Treasurer Dick additionally declared that the Palaszczuk Government would “reserve its right to veto the operation on some or all provisions of automatic mutual recognition to ensure community safety and the high standards of Queensland’s occupational licensing”.

“Queensland supports common sense mutual recognition, but under no circumstances will we compromise our world leading standards for fire safety, electrical and plumbing trades that are based on formal qualifications,” he said.

The Queensland College of Teachers, the statutory body responsible for regulating the teaching profession in Queensland doesn’t think much of the idea either.

It claims the current rules for recognising interstate qualifications work just fine.

But more than that, the QCT argues the proposed model increases “risk to child safety by weakening the current regulatory standard threshold”.

It would also apparently “impact on quality teaching by promoting a transient approach to education and the work of teachers.”

And it would actually increase the administrative burden and risk to employing authorities and schools in determining teacher identity and registration status.

And then there’s the question of money; the QCT is self-funded, mainly through teacher registration fees.

“The loss of revenue from applications under MR, together with potentially increased and/or more complex responsibilities in relation to complaints and disciplinary action against teachers from other jurisdictions, would have a likely consequence of needing to increase fees for teachers registered in Queensland,” the QCT argues.

For its part, the Real Estate Institute of Australia has turned its nose up at what it describes as “a policy objective intended for tradespeople.”

“Whilst it makes sense for a plumber to be able to change a tap washer across states as the process is the same, it is not so with property transactions where different legislation and multiple regulators exist in different states,” argues REIQ president Adrian Kelly.

And that’s just the tip of the iceberg.

The Federal Government released a draft of the proposed new laws in December with a mid-February deadline for public comment.

It received more than 160 submissions, which it hasn’t yet made public.
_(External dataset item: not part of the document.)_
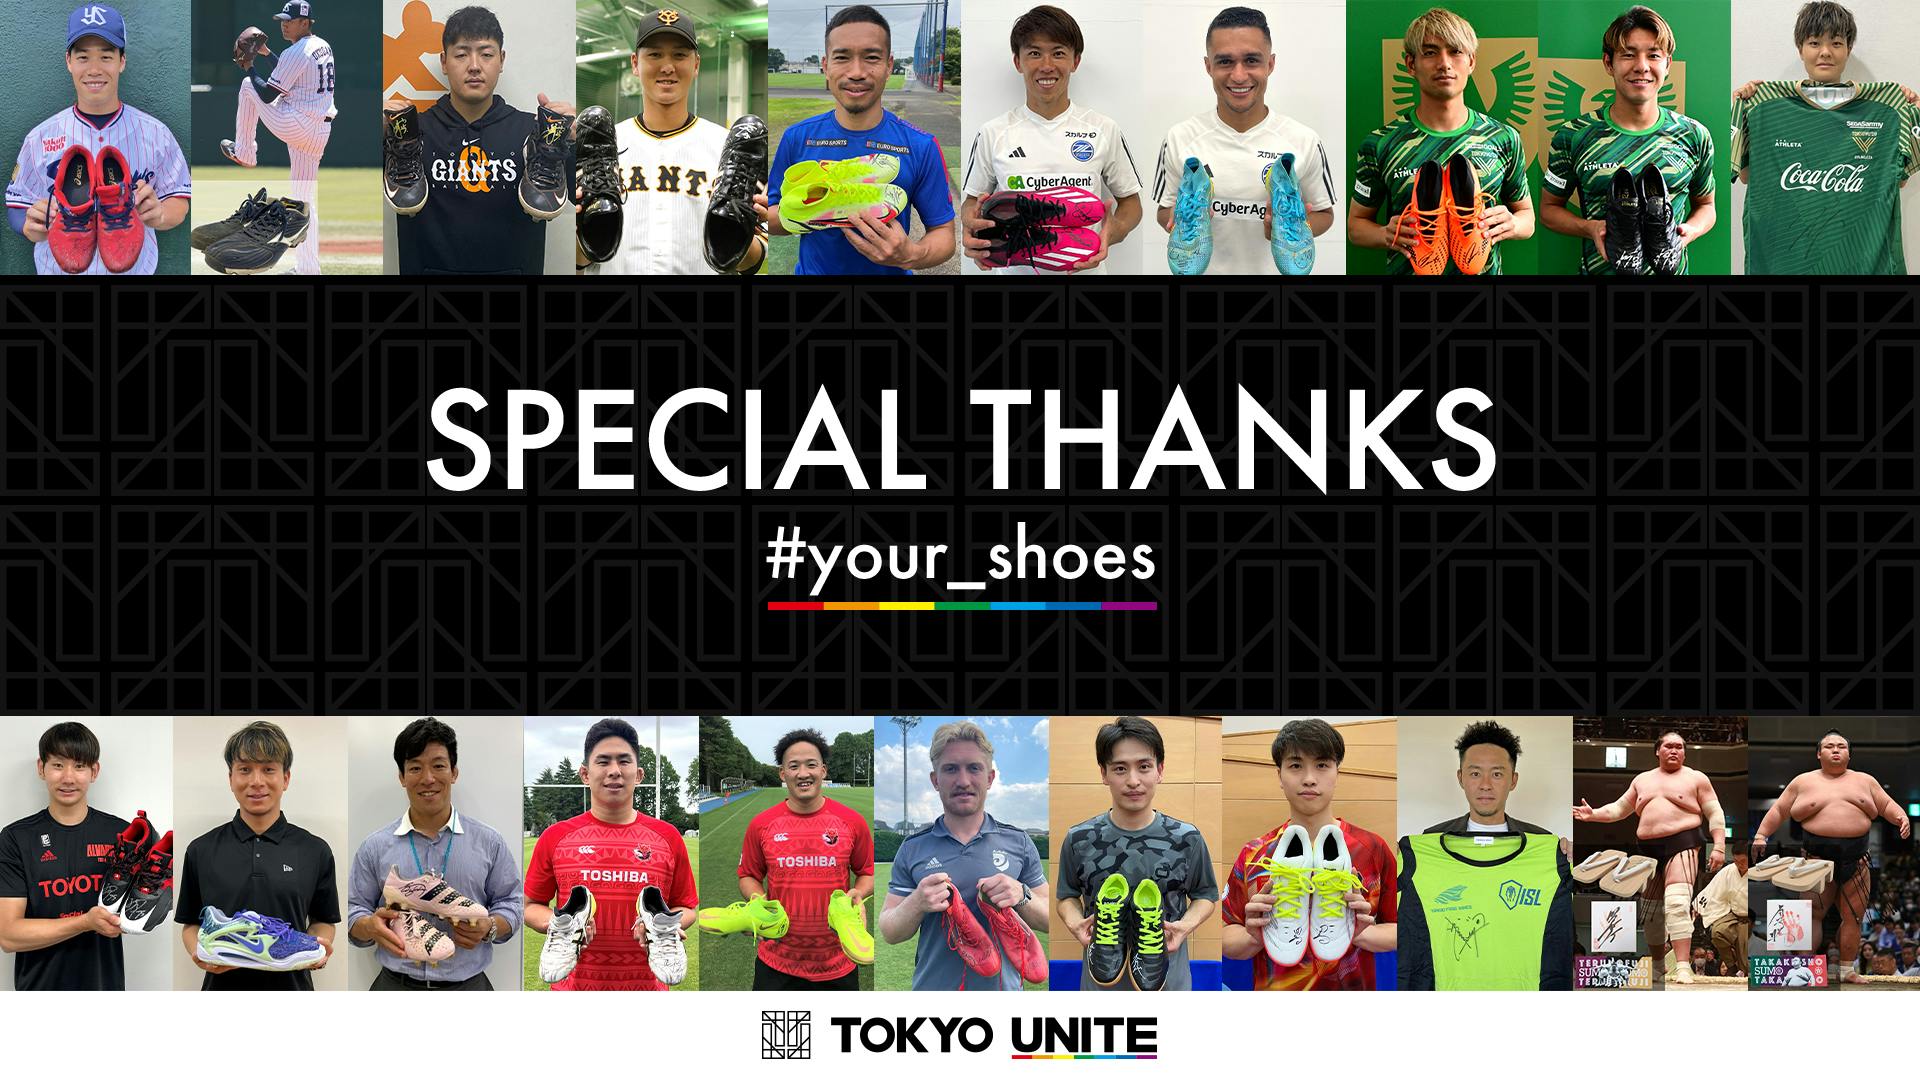 スポーツシューズを届ける<br>「#your_shoes」プロジェクト<br>チャリティーオークション支援金額のご報告

But if those that have so far been released by various stakeholders are anything to go by, Frydenberg’s July deadline for implementation for MRA is surely a pipedream.

If nothing else the whole MRA exercise does highlight one of the biggest challenges for any red tape-cutting crusader – that red tape is in the eye of the beholder.

One person’s impediment to business is another’s maintenance of standards and someone’s efforts to streamline licencing requirements is someone else’s loss of income.

And so, whatever the good intentions, red tape is here to stay.